Let $\omega$ be the circumcircle of triangle $ABC$, $O$ be its center, $A'$ be the point of $\omega$ opposite to $A$, and $D$ be a point on a minor arc $BC$ of $\omega$. A point $D'$ is the reflection of $D$ about $BC$. The line $A'D'$ meets for the second time at point $E$. The perpendicular bisector to $D'E$ meets $AB$ and $AC$ at points $F$ and $G$ respectively. Prove that $\angle FOG = 180^\circ - 2\angle BAC$.
Problem
Source: Sharygin Finals 2023 10.3
Tags: geometry, Sharygin Geometry Olympiad, Sharygin 2023
keglesnit
02.08.2023 14:28
Let $H$ be the orthocenter, $AH$ intersects $(ABC)$ again in $H'$ and $DH'$ intersects $D'H$ on $BC$ at $X$. We will prove that $H$ is the isogonal conjugate of $O$ in quad $FGBC$, if so, then $\angle FOG=180^{\circ}-\angle BOC=180^{\circ}-2\angle BAC$. To do that, we'll show that $X$ lies on $FG$, and then prove that $XH$ and $XO$ are isogonal in $\angle(FG,BC)$. This suffices since $BH$, $BO$ are isogonal in $\angle B$ and $CH$, $CO$ are isogonal in $\angle C$. Claim. $X$ lies on $FG$. Proof.

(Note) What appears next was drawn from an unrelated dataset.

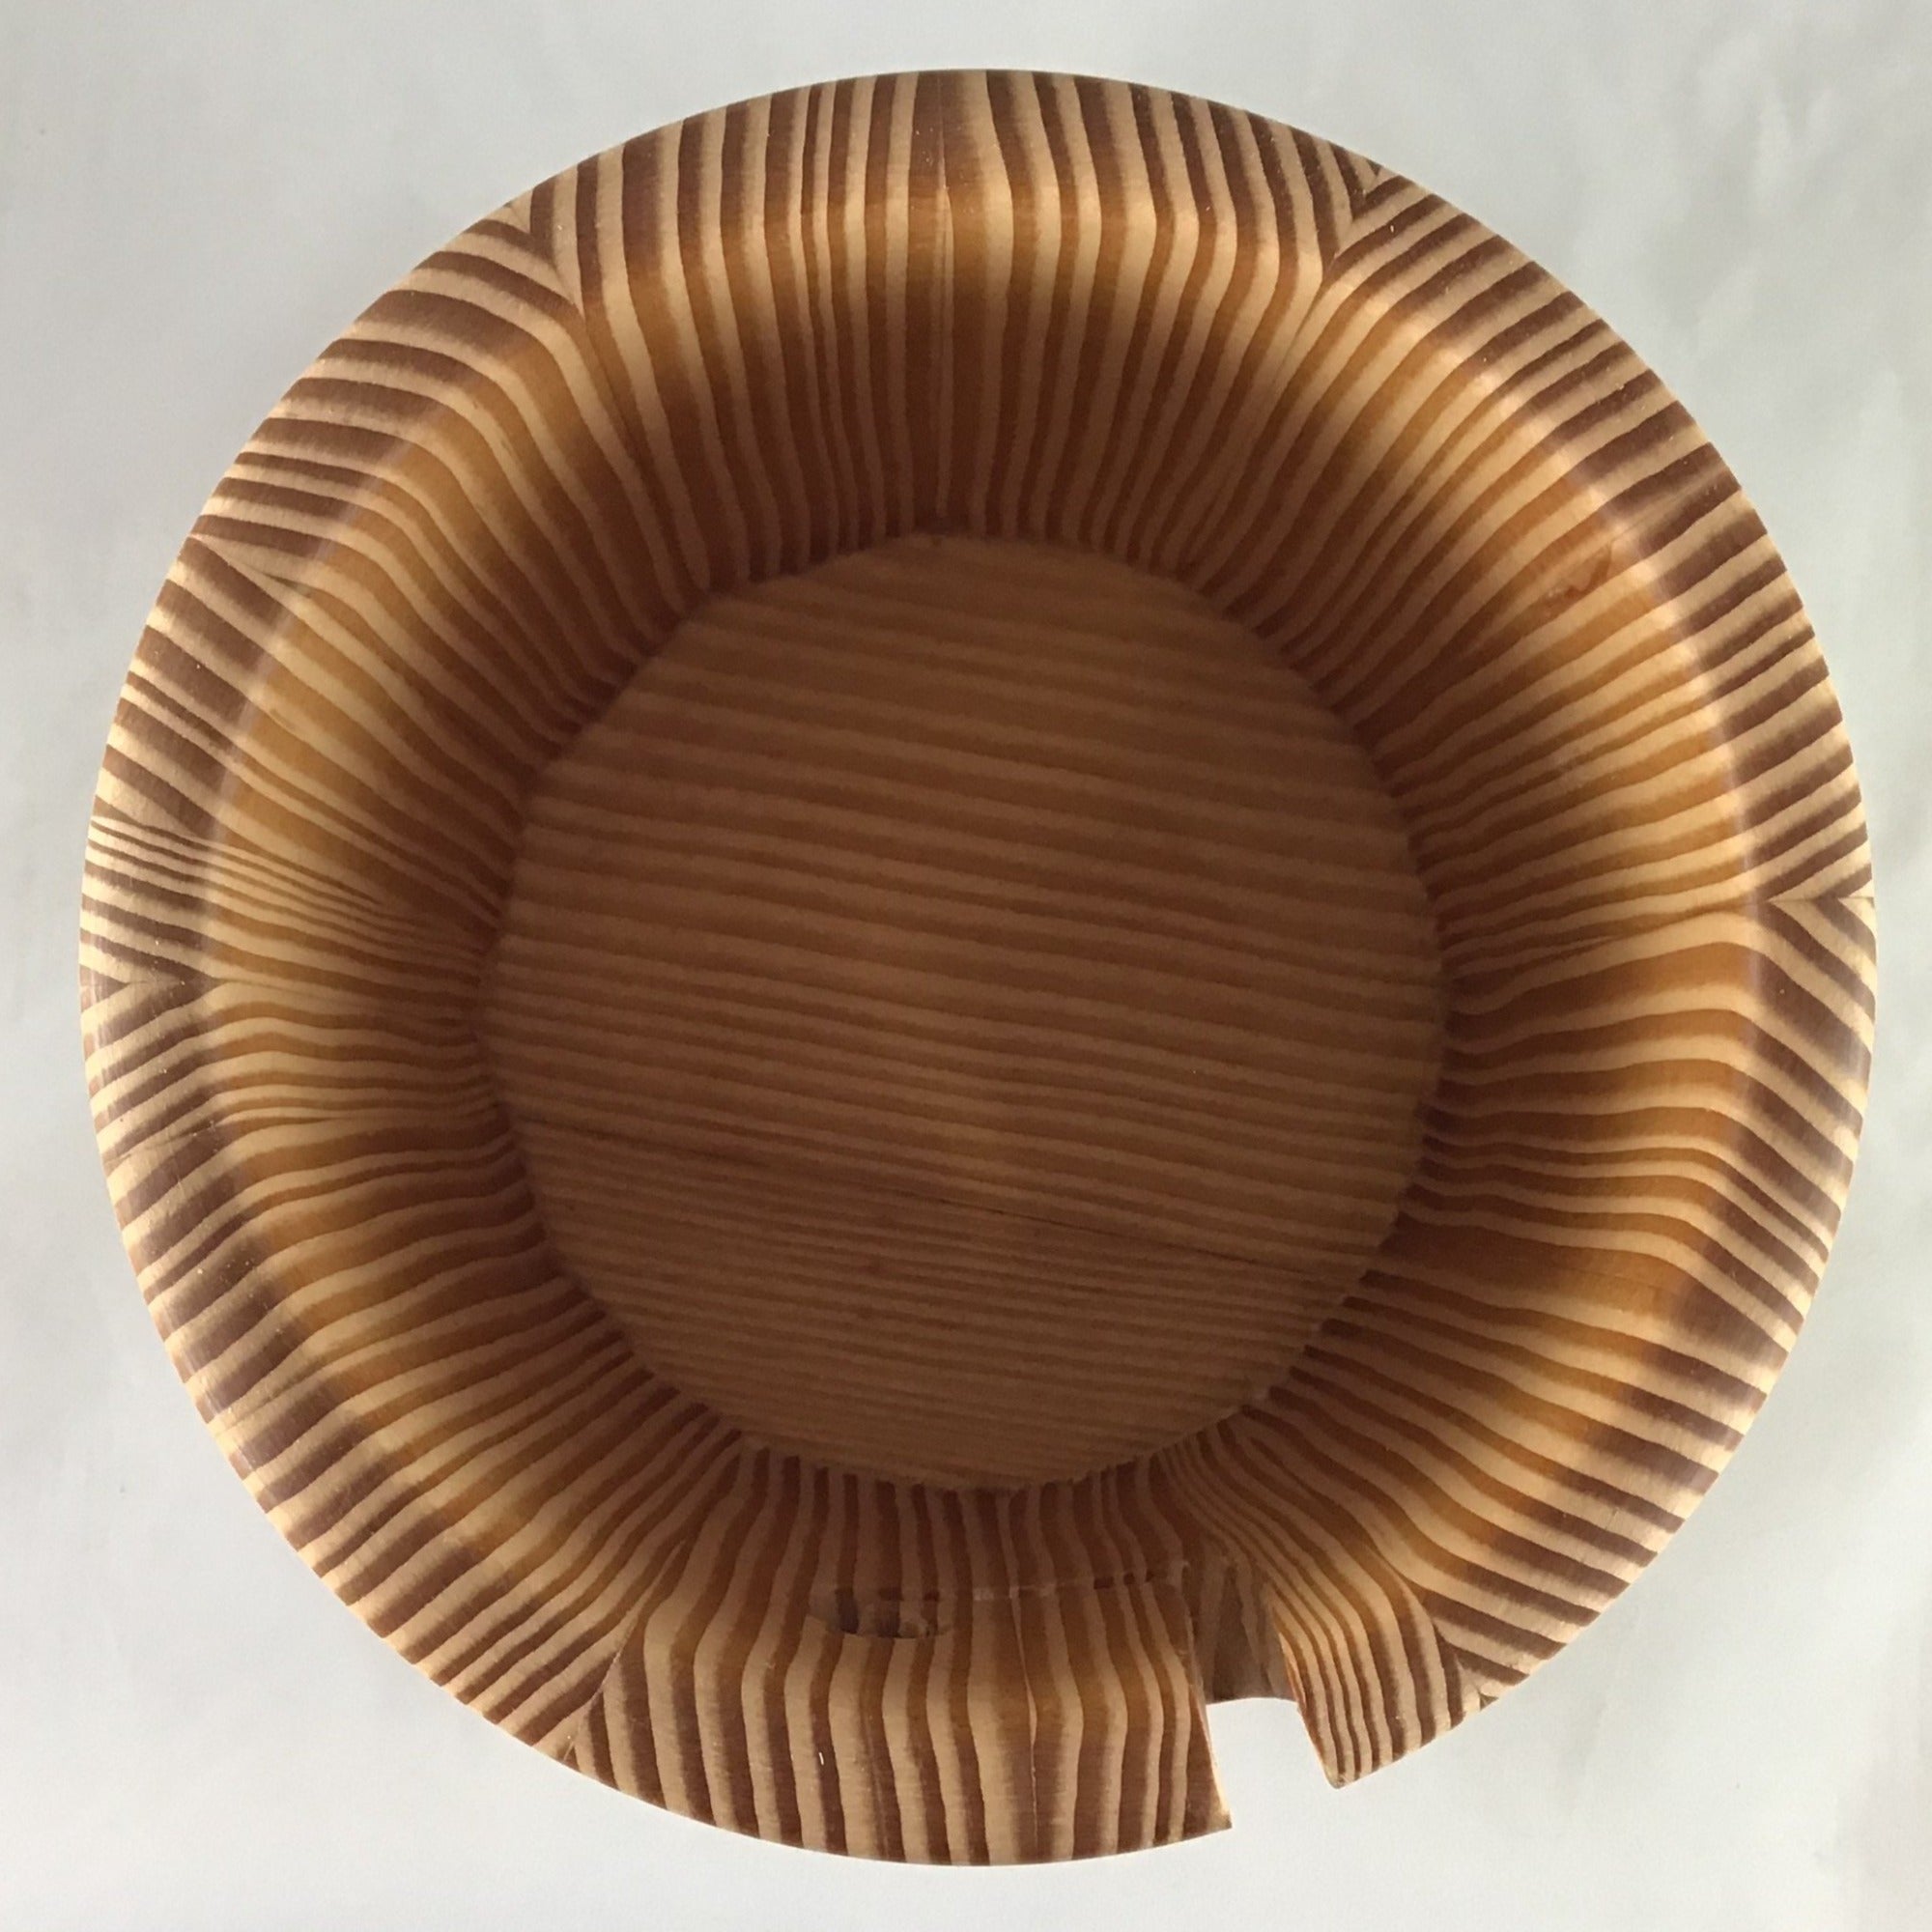  The inside of a wooden yarn bowl made from Douglas Fir wood against a white backdrop
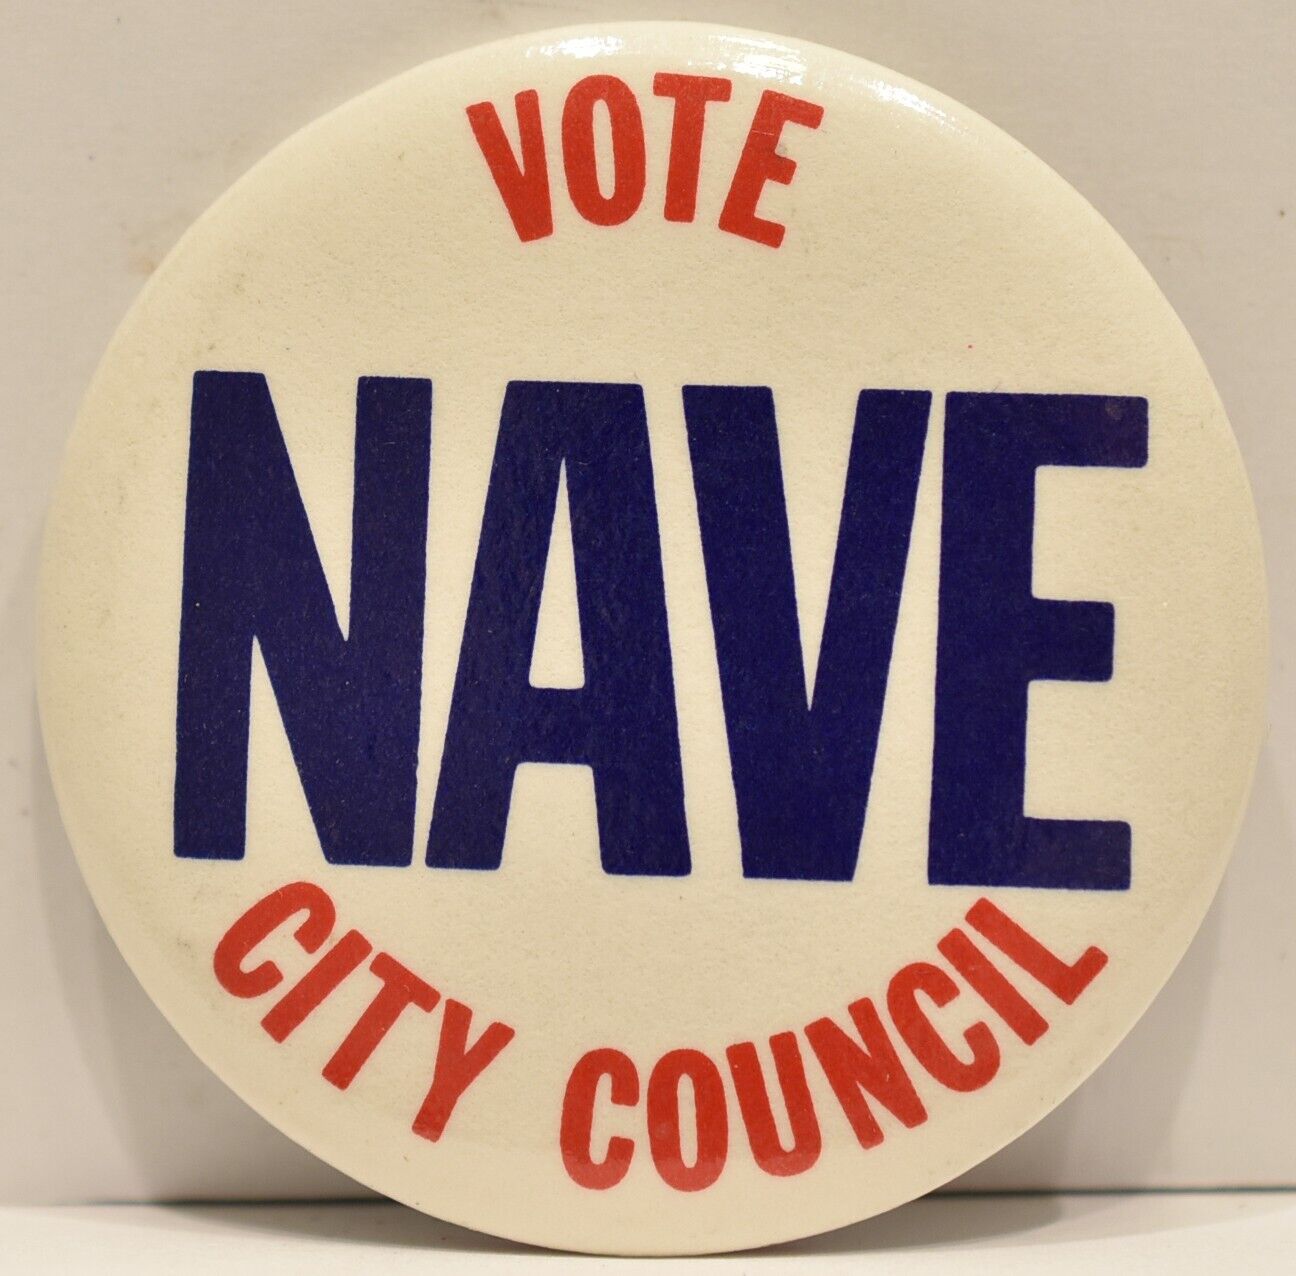 1990s Vote Meyers Nave City Council Marin County Political Campaign Pinback

We will prove something even stronger: $X$ is the center of $(ED'D)$. Simply note that $$\angle DED'=\angle DEA'=\angle DAA'=90^{\circ}-\angle AA'D=90^{\circ}-\angle AH'X=\angle BXH'=0.5\angle DXD'$$which finishes the proof since $BC$ is the perpendicular bisector of $DD'$. Claim. $XH$ and $XO$ are isogonal in $\angle(FG,BC)$. Proof. Let $U=XO\cap DE$ and $V=DD'\cap BC$. Note that $XUVD$ is cyclic (right angles). Now we have $$\angle(FG,XH)=0.5\angle EXD'=\angle EDD'=\angle UDV=\angle UXV=\angle (XO,BC)$$which finishes the claim. Remark. Very similar to geometry marathon P140 https://artofproblemsolving.com/community/u969437h2665078p27093690
i3435
03.08.2023 17:20
$\angle AED'=\angle AEA'=90^{\circ}$, so the midpoint of $AD'$ is the foot from $O$ onto the perpendicular bisector of $D'E$, or the foot from $O$ to $\overline{FG}$ is the midpoint of $AD'$. Since $D'$ lies on the reflection of $D$ across $\overline{BC}$, the midpoint of $AD'$ is on the nine-point circle of $\triangle ABC$. The feet from $O$ to $\overline{BC},\overline{CG},\overline{BF}$ also are on the nine-point circle of $\triangle ABC$, so the feet from $O$ to the sides of $BCGF$ are cyclic. Angle chase means $\angle FOG+\angle BOC=180^{\circ}$, as desired.
VicKmath7
03.08.2023 19:41
Delete $D$ and rename $D'$ to $D$ being a point on $(BHC)$. We will prove that $O$ and $H$ are isogonal conjugates in the quadrilateral $BFGC$, which will imply $\angle FOG+\angle BOC=180^{o}$. Thus, it is sufficient to show that the foot of the perpendicular $P$ from $O$ to $FG$ lies on the nine-point circle of $ABC$. As $FG \parallel AE$, $P$ lies on the perpendicular bisectors of the sides $EA$ and $ED$ of the right-angled triangle $AED$, so $P$ is the midpoint of $AD$. It is known that the reflections of $A$ with respect to the vertices of the orthic triangle lie on $(BHC)$, so the homothety at $A$ with coefficient $\frac{1}{2}$ sends $(BHC)$ to the NPC, meaning that $P$ lies on the NPC, as desired.
alinazarboland
03.08.2023 22:08
Just note that $D'$ lies on $(BHC)$ where $H$ is defined as usual.let $H'$ be the reflection of $H$ across $FG$.So $HD',EH'$ are symmetric wrt $FG$ and the circles $(BHC),(BAC)$ are congruent which means $H'$ lies on $(BAC)$ by symmetry arguement.So the midpoint $M$ of $HH'$ which is also on $FG$ , lies on npc of $ABC$.So since npc is a circle formed by the perpendiculars feom $H$ to the sides of $BCFG$ ,$H $has isogonal conjugate in $BCFG$ and clearly it's $O$ which implies $\angle FOG + \angle BOC =0$ and we're done.